In 220, the Han dynasty came to an end, and was followed by a long period of disunity and civil war, beginning with the Three Kingdoms period, which developed from the divisions within the Han dynasty. These three states were Cao Wei in northern China, Shu Han to the west, and Eastern Wu in the east. The period was the golden age of chivalry in Chinese history, as described in the historical novel Romance of the Three Kingdoms. The coinage reflected the unsettled times, with small and token coins predominating.

Cao Wei
This state only issued Wu Zhu coins.

Shu Han
The coins issued by this state were:

 Zhi Bai Wu Zhu () Often found with incuse characters on the reverse.
 Zhi Bai () When Liu Bei, later ruler of Shu and one of the heroes of Romance of the Three Kingdoms, took Chengdu in Sichuan in 214, he was advised to issue "value one hundred" coins to overcome the problems of maintaining his troops; hence these coins are attributed to him.
 Tai Ping Bai Qian ()
 Rev: Stars and waves pattern.
 Rev: Incuse characters.
 Rev: Plain
 The Tai Ping Bai Qian coin was at first attributed to Sun Liang of Eastern Wu, who adopted a Tai Ping year title in 256. Most of them, however, have been unearthed in Sichuan (in one instance in a tomb dated to 227) together with Zhi Bai coins, which, together with the incuse marks on the reverse, indicates that they are issues of Shu Han. The fancy calligraphy and reverses of the large coins are more typical of amulets than circulating coins, and Peng seeks to associate them with the Taiping Taoists of the time.
 Zhi Yi ()
 Ding Ping Yi Bai ()

In the 1860s, a jar of small "goose eye" coins was dug up in Chengdu in Sichuan. It contained Tai Ping Bai Qian, Ding Ping Yi Bai, Zhi Bai, and Zhi Yi coins. This reinforces the supposition that all these coins are near contemporaries, issued by Shu Han.

Eastern Wu
 Da Quan Wu Bai ()
 Da Quan Dang Qian ()
 Da Quan Er Qian ()
 Da Quan Wu Qian (): Only six specimens are known.

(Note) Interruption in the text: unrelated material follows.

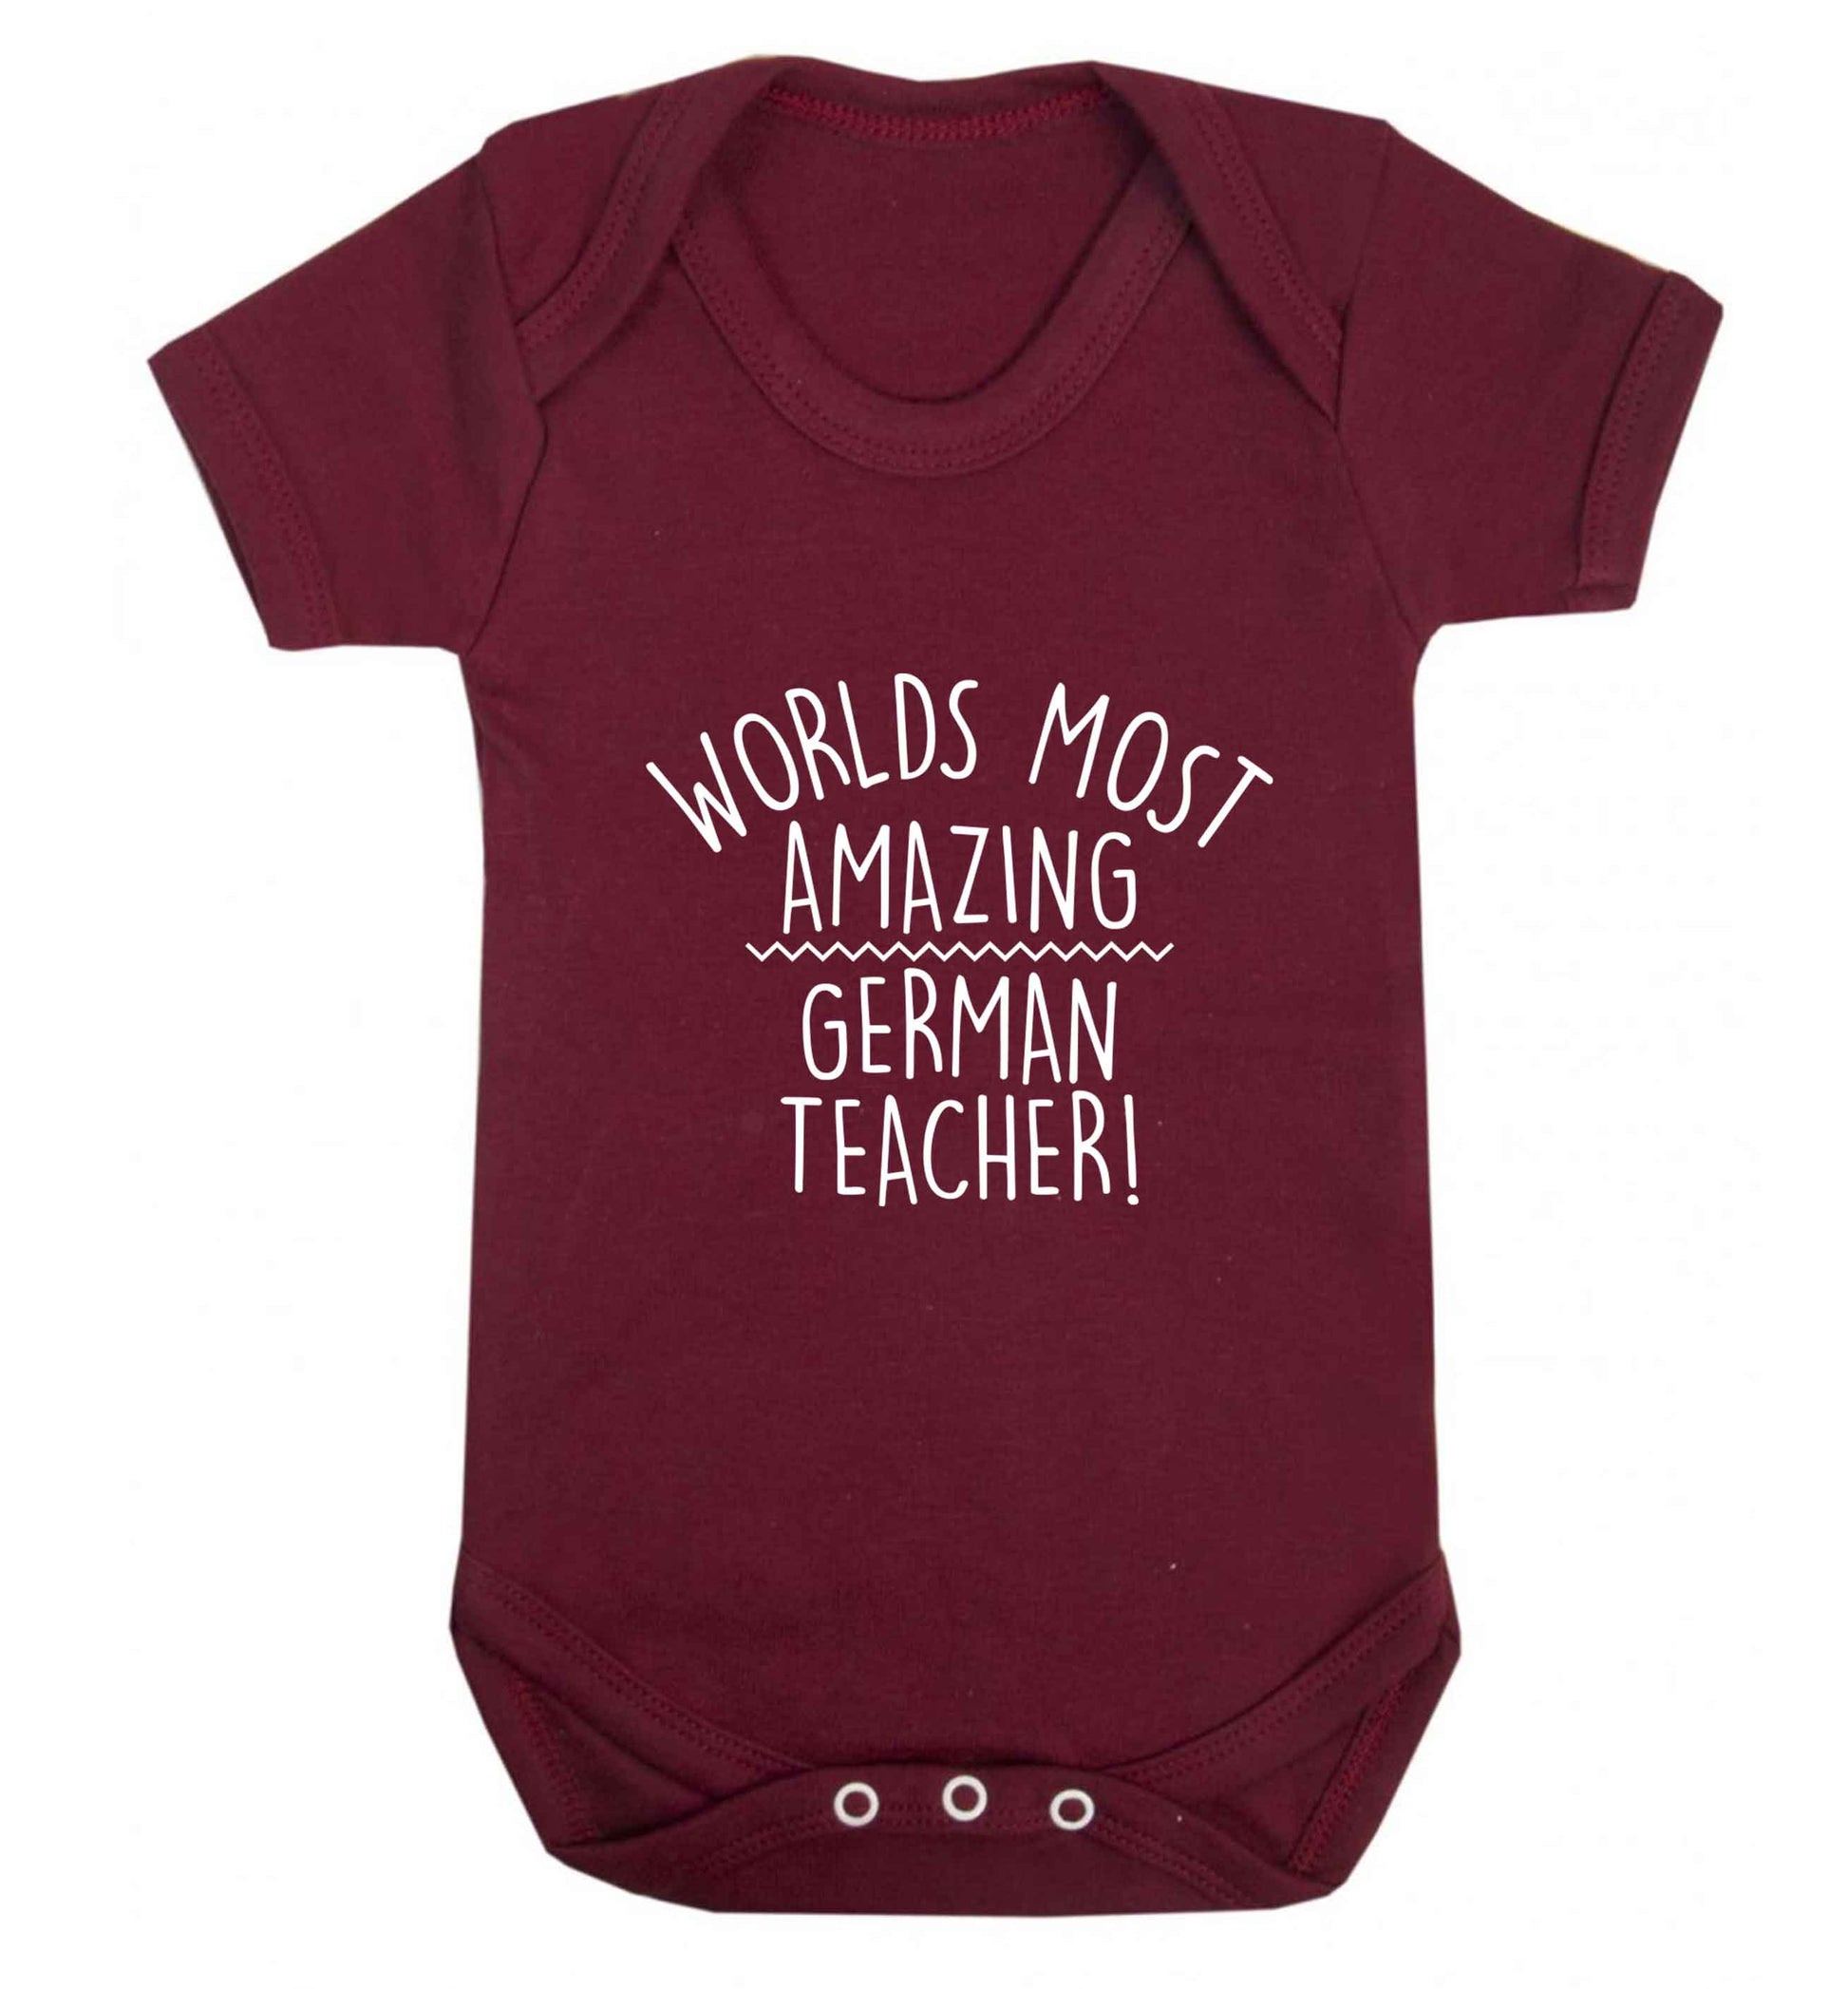 Worlds most amazing German teacher baby vest maroon 18-24 months

According to the records, in 236 Sun Quan, ruler of Wu, cast the Da Quan Wu Bai, and in 238 the Da Quan Dang Qian coins. The people were called upon to hand over the copper in their possession and receive back cash, and thus illicit coining was discouraged. These are coarse coins, cast in the capital Nanking or in Hubei. In 2000, clay moulds and other casting materials for Da Quan Wu Bai coins were discovered in the Western Lake, Hangzhou.

Jin dynasty
Sima Yan founded the Jin dynasty in AD 265, and after the defeat of Eastern Wu in 280, China was reunified for a while. At first, the dynasty was known as the Western Jin with Luo-yang as its capital; from 317, it ruled as the Eastern Jin from Nanking. The historical records do not mention the specific casting of coins during the Jin dynasty. In the south, reductions in the weights of coins caused great price fluctuations, and cloth and grain were used as substitutes for coins. In the north, numerous independent kingdoms (The Sixteen Kingdoms) issued some interesting coins.

Sixteen Kingdoms

Former Liang
Liang Zao Xin Quan () is attributed to King Zhang Gui (317–376), who ruled in the north-western area.

Later Zhao
Feng Huo () has text that uses seal script. There is no rim. They were cast by Emperor Shi Le in 319 at Xiangguo (now Xingtai in Hebei) with a weight of 4 zhu. They are known as the Cash of Riches – keeping the coin about one was said to bring great wealth. However, the historical record states that the people were displeased, and that in the end the coin did not circulate.

Cheng Han 
Han Xing () as an inscription either right and left or above and below. In 337, Li Shou of Sichuan adopted the period title of Han Xing. This is the first recorded use of a period title on a coin. The period ended in 343.

Xia 
Tai Xia Zhen Xing () counterwise. These were issued during the Zhenxing period (419–424) by Helian Bobo, probably at Xi'an.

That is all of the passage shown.